Solo Ancelotti ci può salvare. Solo lui può riuscire in un'impresa che avrebbe del leggendario: far saltare le poltrone di Tavecchio e dei suoi compagni di merende, gente che pur di rimanere inchiodata al vertice della Federcalcio è disposta a sfidare l'indignazione di un popolo innamorato del pallone e perciò ferito e umiliato dal flop mondiale. 

Sì, solo Carletto. Rifiuti la proposta di diventare ct, dica no a questi piccoli uomini i quali stanno cercando un professionista serio, credibile, amato e stimato dietro cui nascondersi, una faccia affidabile per giustificare ancora una volta la loro esistenza in una posizione che occupano – sul piano morale – in modo clandestino. Se lui ribadirà che sì, è pronto ad allenare la Nazionale ma no, non accetterà la proposta di questa Federazione, allora Tavecchio e chi lo tiene in sella forse cadranno davvero, perché non avranno medaglie da mostrare. Non potranno dire: vi abbiamo portato Ancelotti, il massimo, perché ce ne dobbiamo andare? 

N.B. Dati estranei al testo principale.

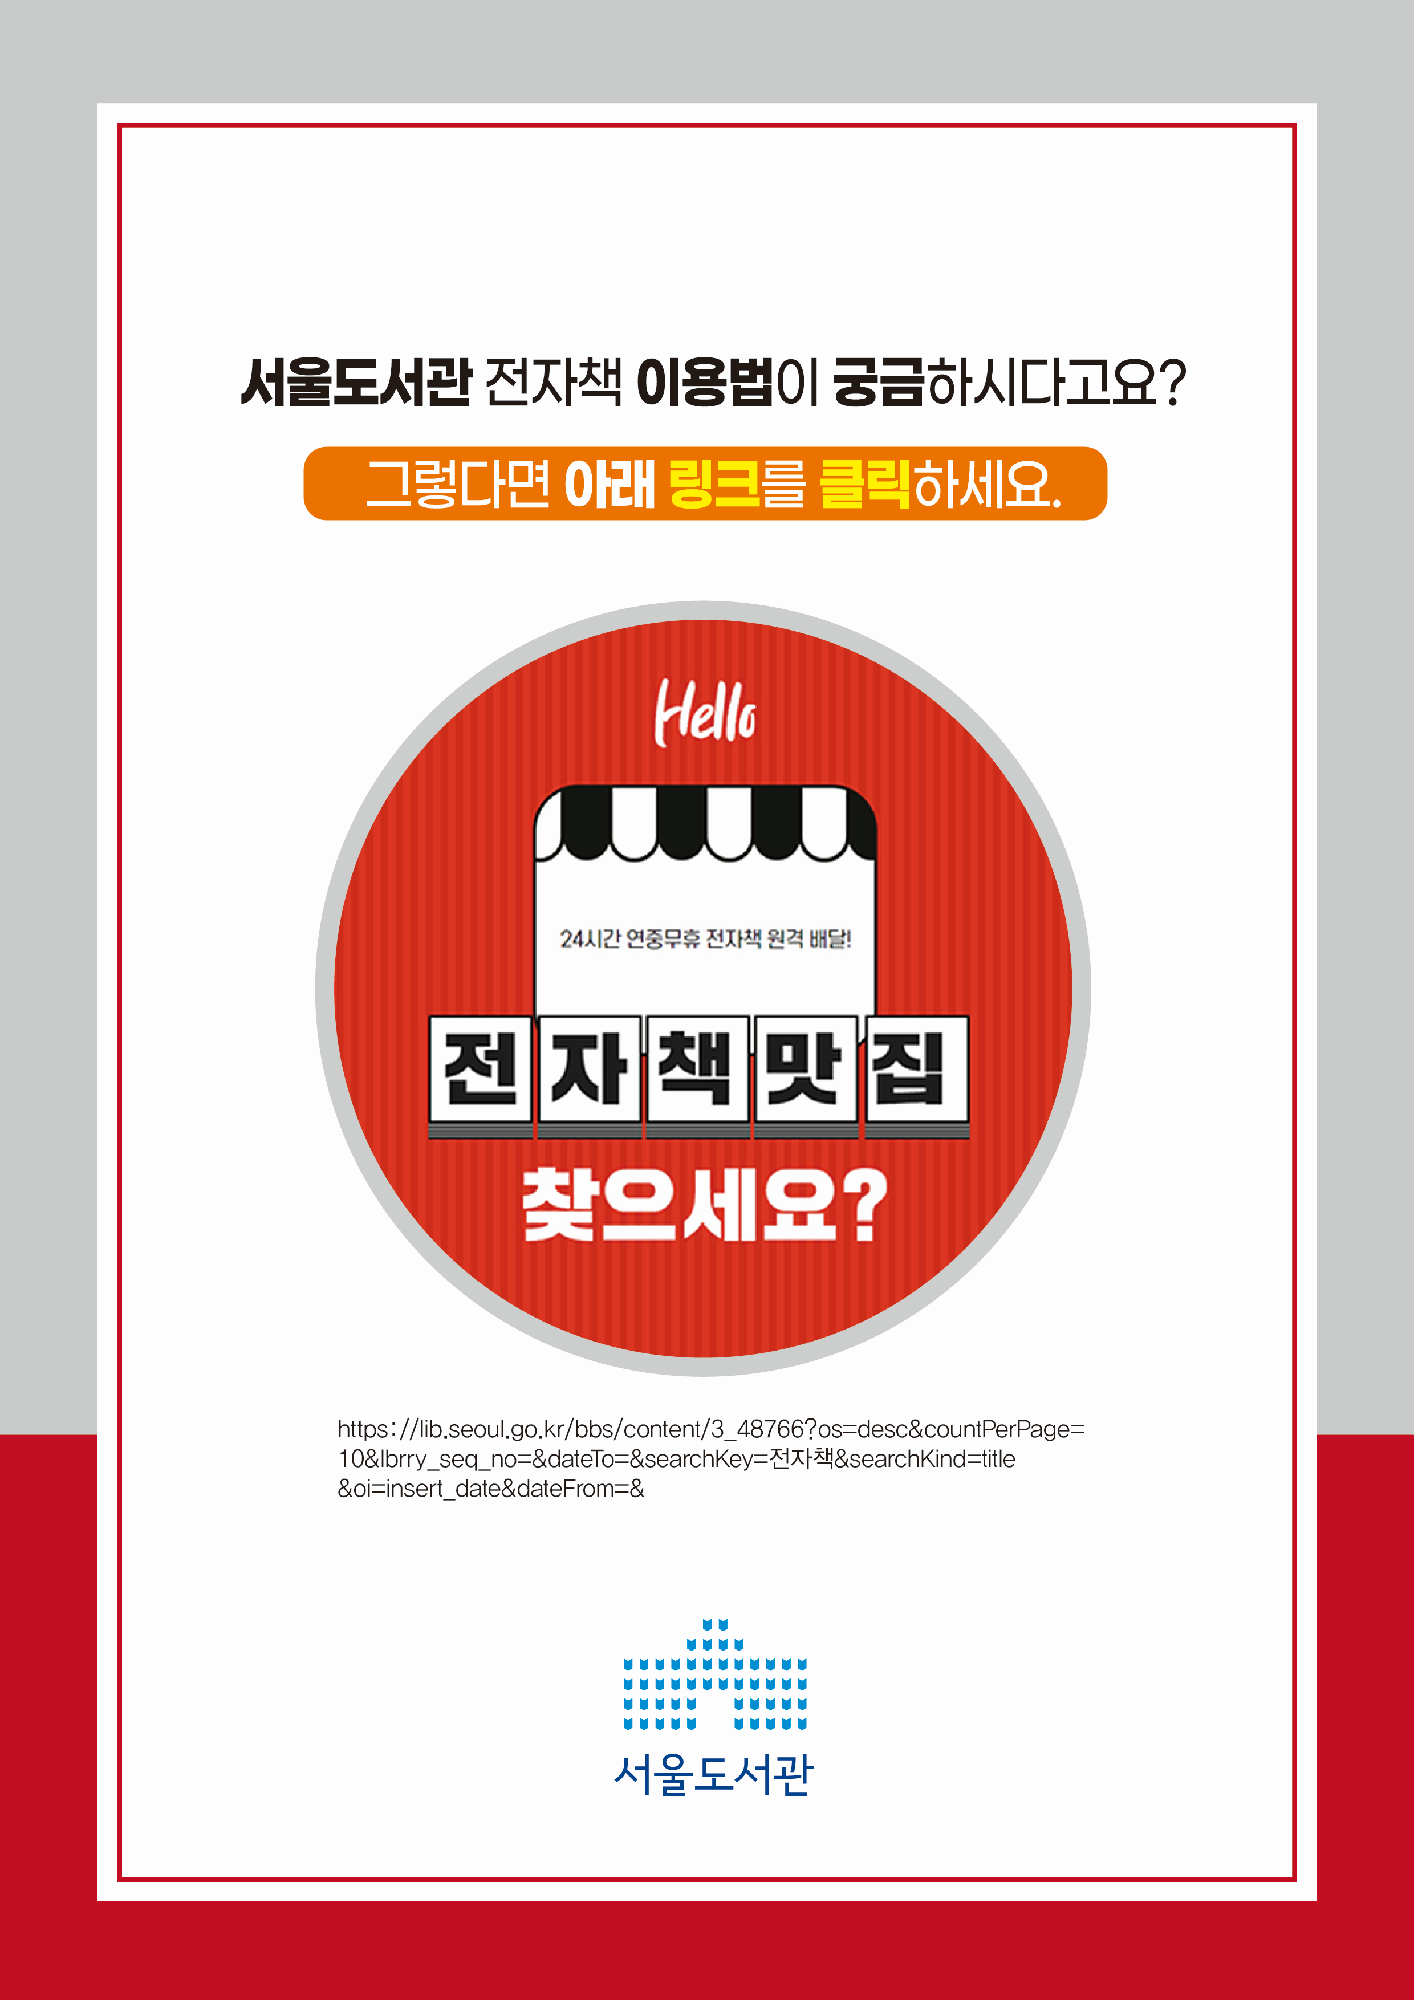 서울도서관 전자책 이용법이 궁금하시다고요?  그렇다면 링크를 클릭하세요.

Forse non è giusto chiedere ad Ancelotti di esporsi tanto per il bene del calcio italiano. Carletto dovrebbe poter avere l'opportunità di dire sì oppure no indipendentemente da chi guida la Federazione, pensando solo al campo e a una Nazionale da ricostruire, senza esporsi in prima persona per far saltare il banco. Perché il banco, in un mondo normale, dovrebbe essere già saltato da un bel po', certamente da lunedì sera. 

Se però Ancelotti rifiutasse, sospinto dall'amore della gente che lo mette nettamente al primo posto in ogni sondaggio sul nuovo ct, e riuscisse a liberarci di Tavecchio, allora diventerebbe davvero un eroe popolare. E anche lui potrebbe guadagnarci un bel po': c'è una bella differenza tra lavorare nella Federazione dei compagni di merende e in una Figc formata (sogniamo un po') da Albertini e Maldini, Tommasi e Del Piero, tanto per fare qualche nome. 

Carletto, salvaci tu.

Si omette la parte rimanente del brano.